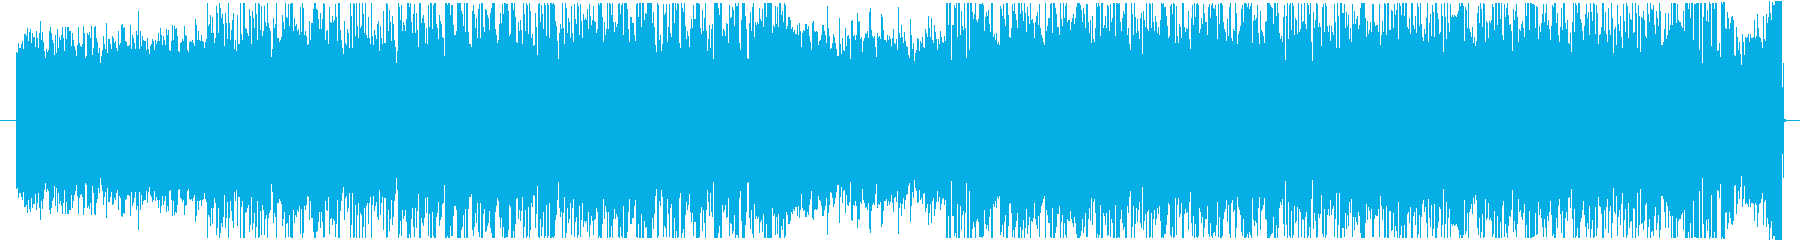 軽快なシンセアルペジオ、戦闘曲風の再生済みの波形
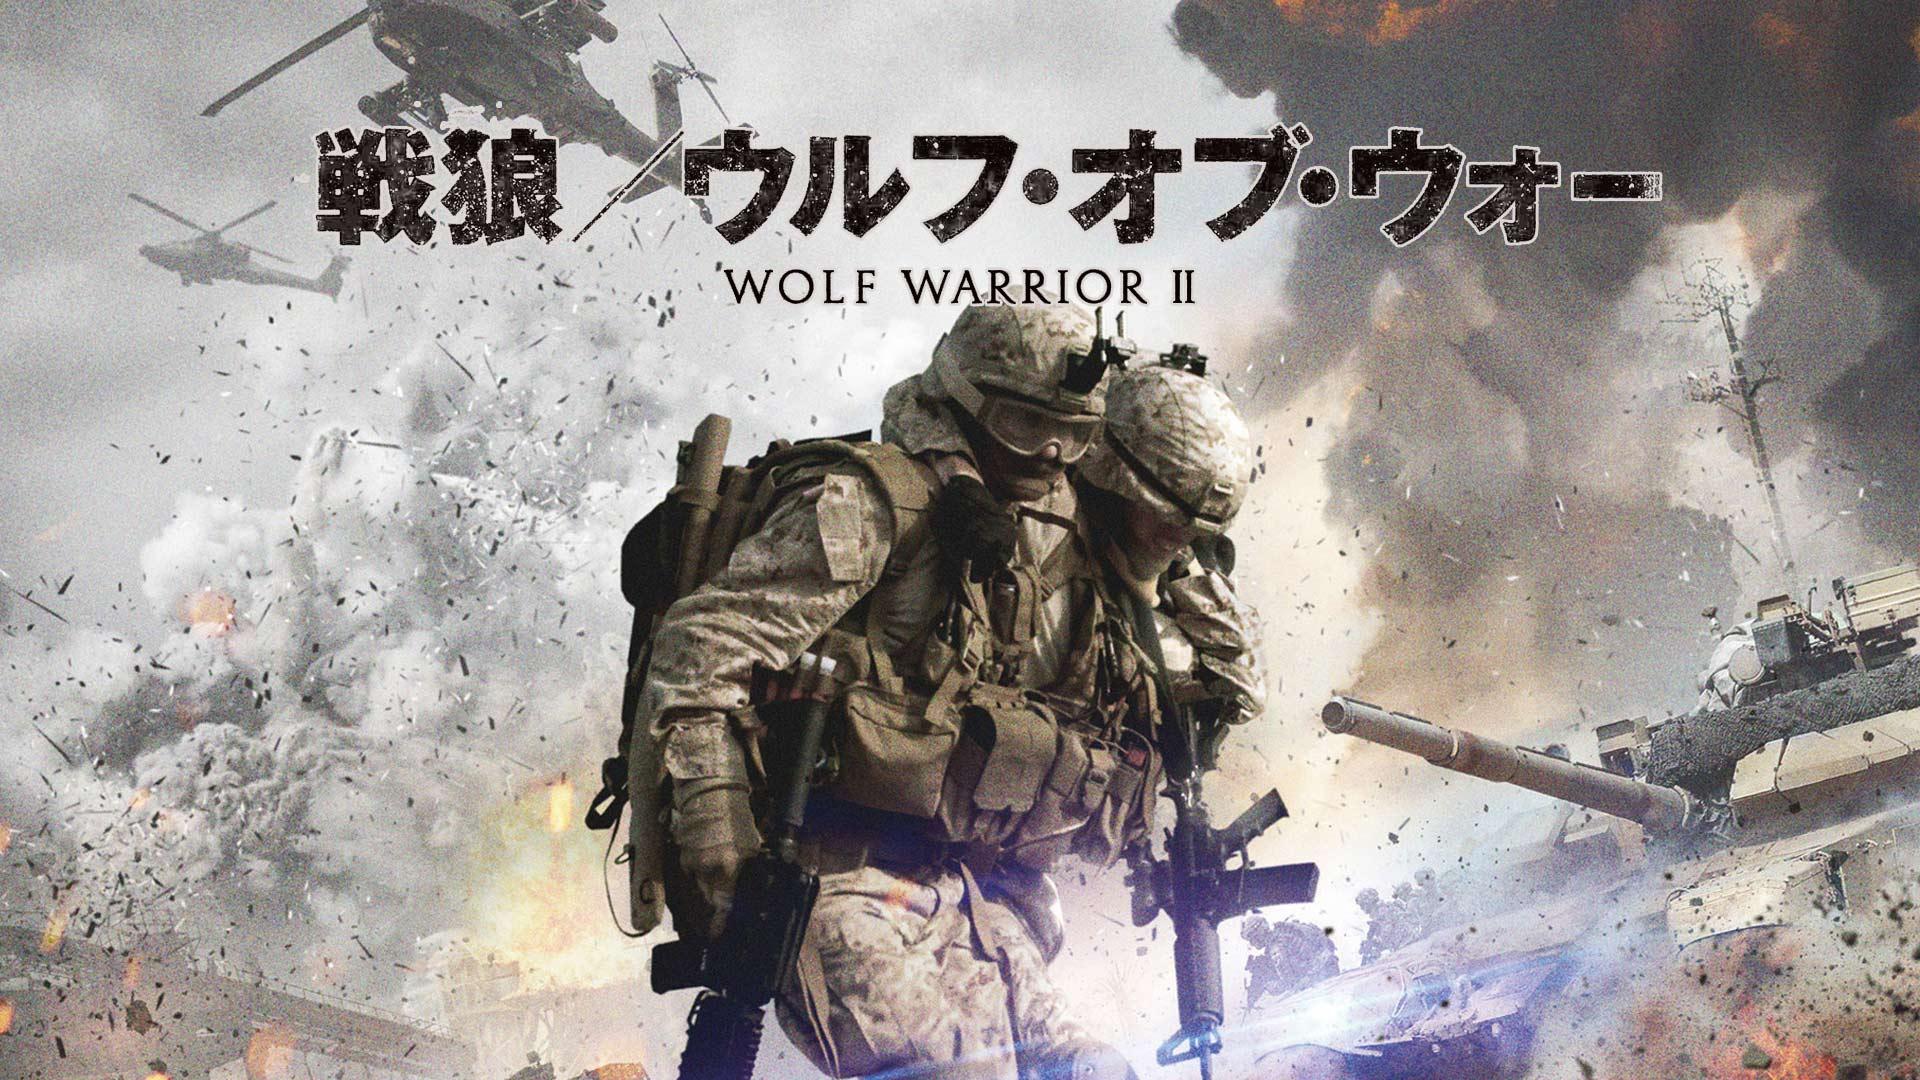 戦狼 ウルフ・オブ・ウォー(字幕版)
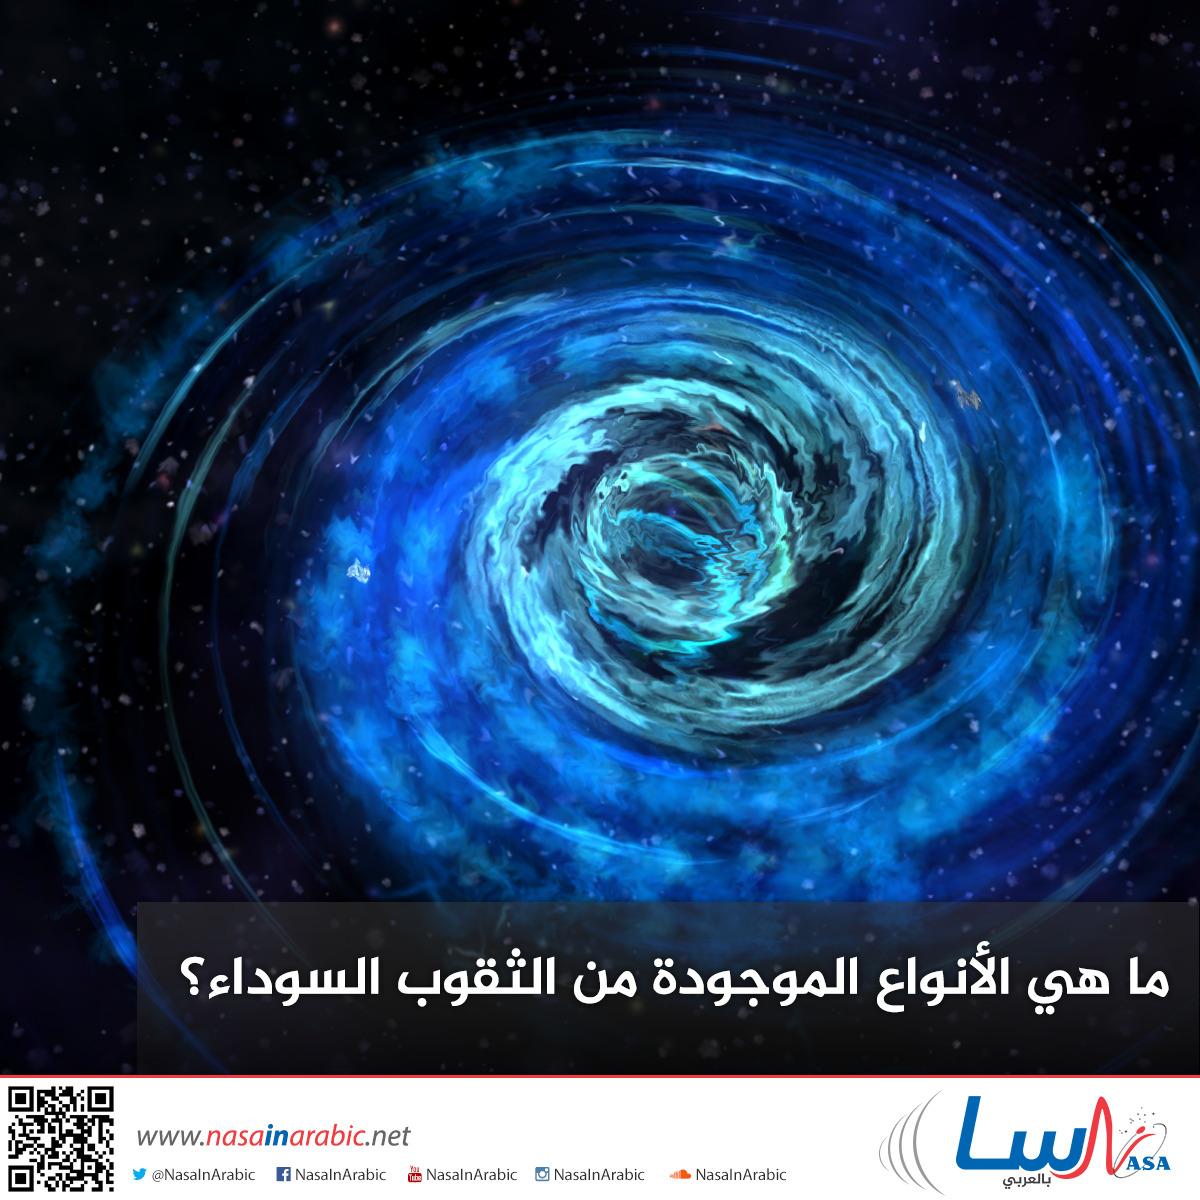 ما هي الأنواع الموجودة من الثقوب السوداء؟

What the task requires: Repeat the material exactly, without images.

Written solution:
 軽快なシンセアルペジオ、戦闘曲風の再生済みの波形
 戦狼 ウルフ・オブ・ウォー(字幕版)
 ما هي الأنواع الموجودة من الثقوب السوداء؟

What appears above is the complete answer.